SISSA Colloquium returns on Monday, October 20th, at 2 PM in Aula Magna Budinich. This time, we will have the pleasure of hosting Professor Gábor Tamás (University of Szeged, Hungary) who will deliver a lecture titled
Similarities and differences of human and rodent neocortical synapses, neurons and networks
Abstract: Experiments on animal models showed that the efficacy of chemical transmission between neurons depends on several factors including the number, spatial distribution and size of synapses, presynaptic release mechanisms, postsynaptic membrane properties and synaptic plasticity. Recordings from human synaptic connections indicated species related differences in synaptic properties leading to altered signal propagation in human cortical microcircuits compared to animal models. The presentation will elucidate quantal and structural differences of human and rat neocortical synapses mechanistically explaining why single neurons of the human neocortex can trigger downstream Hebbian assemblies in local networks. In turn, experiments will be presented from freely behaving animals and humans detecting network episodes and the corresponding firing of identified interneurons and pyramidal cells during defined epochs. The suggestion that evolutionally conserved network episodes could be differentially recruited in mammalian species will be discussed.

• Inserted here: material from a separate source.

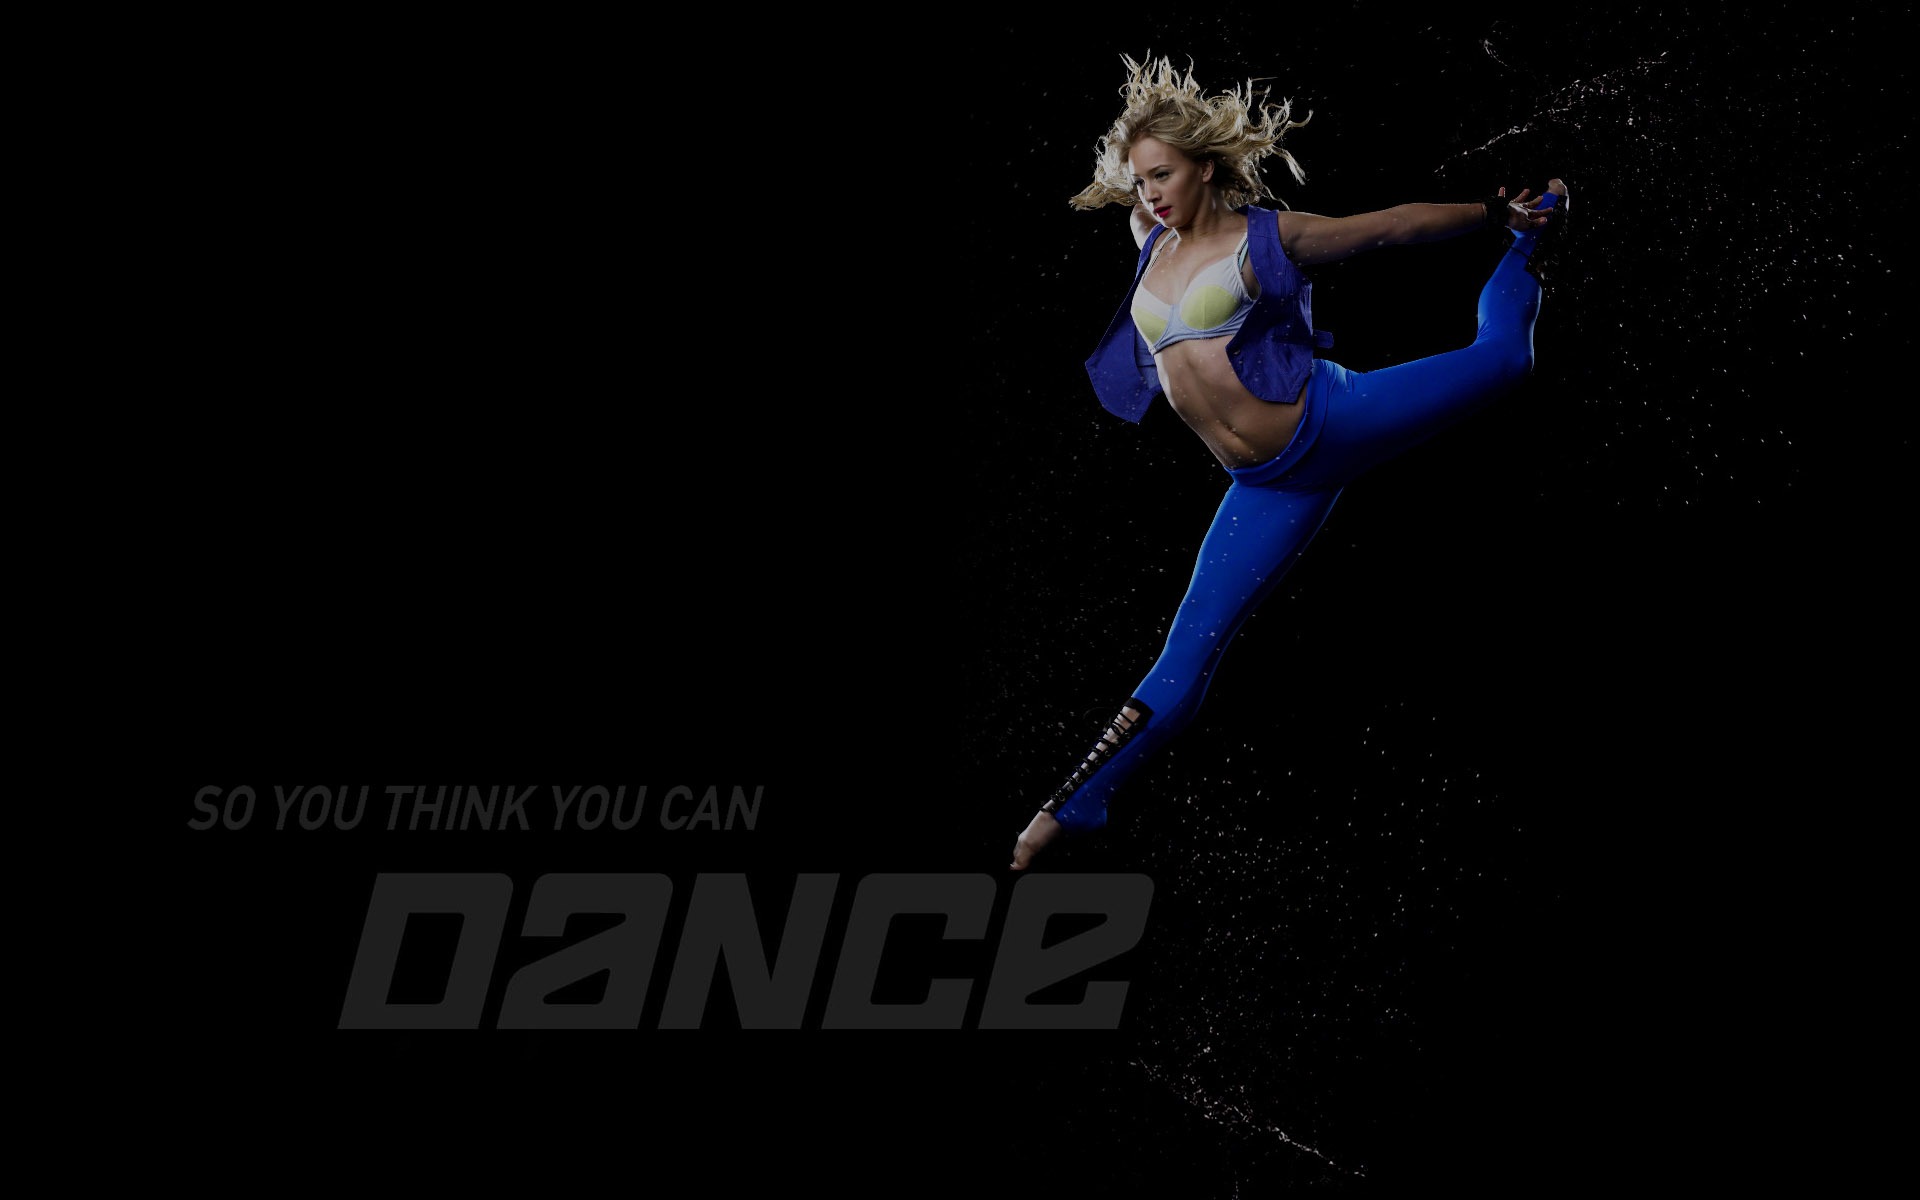 So You Think You Can Dance wallpaper (2) #19 - 1920x1200
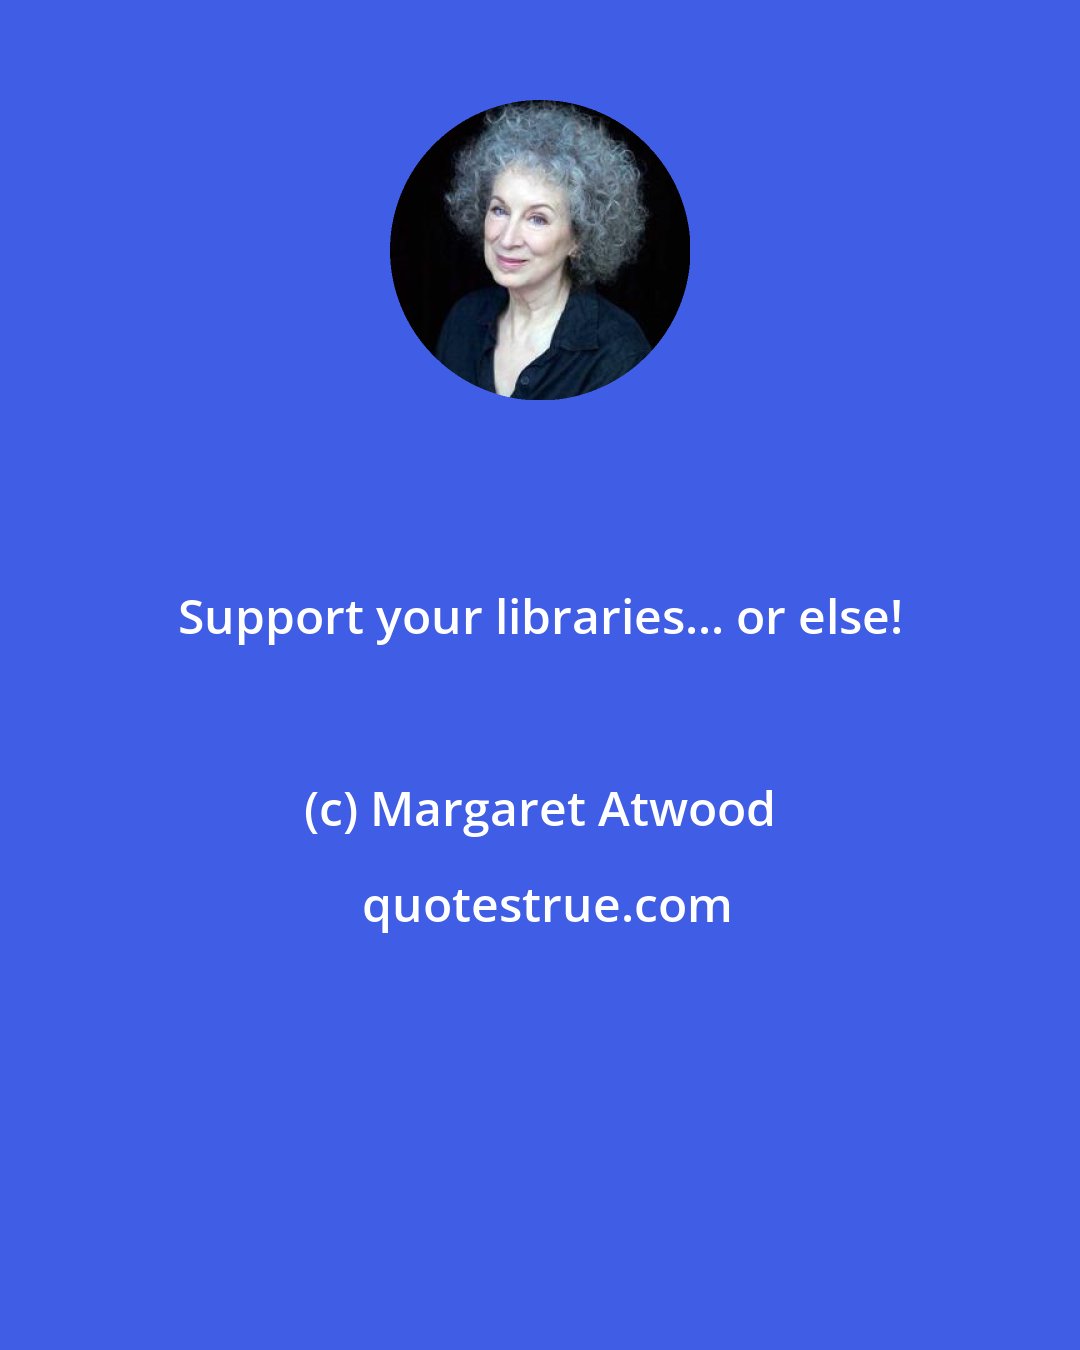 Margaret Atwood: Support your libraries... or else!

Gábor Tamás is a Professor of Neuroscience at the University of Szeged, Hungary, and a member of the Academia Europaea and the Hungarian Academy of Sciences. He began his neuroscience career at the University of Oxford, in the laboratory of Profs. Peter Somogyi and Eberhard Buhl, where he studied the properties of synaptic connectivity between neocortical neurons and described autapses, synapses formed by a neuron onto itself. At Szeged, he established a lab combining electrophysiology and neuroanatomy to study the interactions between cortical neurons and he identified mechanisms that synchronize neurons at gamma frequencies. In collaboration with Prof. Rafael Yuste (Columbia University), by combining two-photon and high-speed confocal imaging, he revealed that interneuron dendrites are organized in calcium microdomains which isolate individual synapses. He built a library of over 15,000 functionally connected neocortical neuron pairs, enabling the study of rare cell types. This work led to the discovery of the neurogliaform cell, the first interneuron type shown to mediate slow GABAB receptor inhibition, and showed that axo-axonic cells, traditionally considered inhibitory, can also act as strong excitatory neurons. His current research focuses on identified microcircuits in behaving humans and unraveling the elementary mechanisms underlying cortical information processing.